A certain element consists of two stable isotopes. The first has a mass of $138 \mathrm{amu}$ and a percent natural abundance of $8.90 \times 10^{-2} \%$. The second has a mass of 139 amu and a percent natural abundance of $99.9 \%$. What is the atomic weight of the element? $\mathrm{amu}$

Step 1 ：Given that a certain element consists of two stable isotopes. The first has a mass of \(138 \, \mathrm{amu}\) and a percent natural abundance of \(8.90 \times 10^{-2} \%\). The second has a mass of \(139 \, \mathrm{amu}\) and a percent natural abundance of \(99.9 \%\).

Step 2 ：The atomic weight of an element is calculated by taking the weighted average of the atomic masses of its isotopes.
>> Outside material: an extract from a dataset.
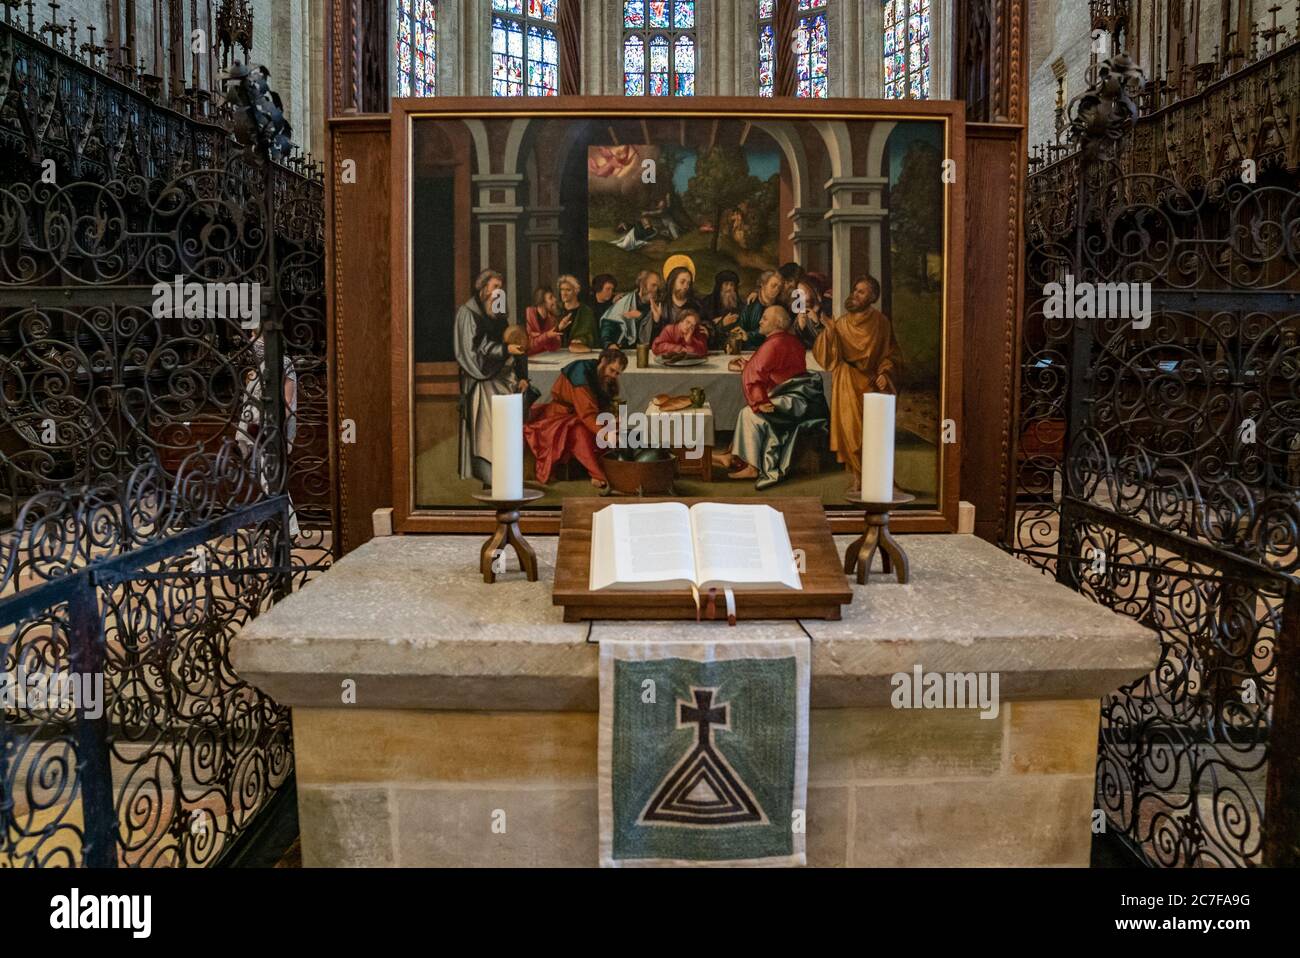 Ulm, BW / Allemagne - 14 juillet 2020 : vue de l'autel et de la Bible dans le minster d'Ulm Banque D'Images

The weight of each isotope is its abundance. So, we need to multiply the mass of each isotope by its abundance (in decimal form), and then add these products together.

Step 3 ：Let's denote the mass of the first isotope as \(\text{mass1} = 138\), and its abundance as \(\text{abundance1} = 0.0008900000000000001\).

Step 4 ：Similarly, let's denote the mass of the second isotope as \(\text{mass2} = 139\), and its abundance as \(\text{abundance2} = 0.9990000000000001\).

Step 5 ：Then, the atomic weight of the element can be calculated as \(\text{atomic_weight} = \text{mass1} \times \text{abundance1} + \text{mass2} \times \text{abundance2} = 138.98382\).

Step 6 ：Final Answer: The atomic weight of the element is \(\boxed{138.98382 \, \mathrm{amu}}\).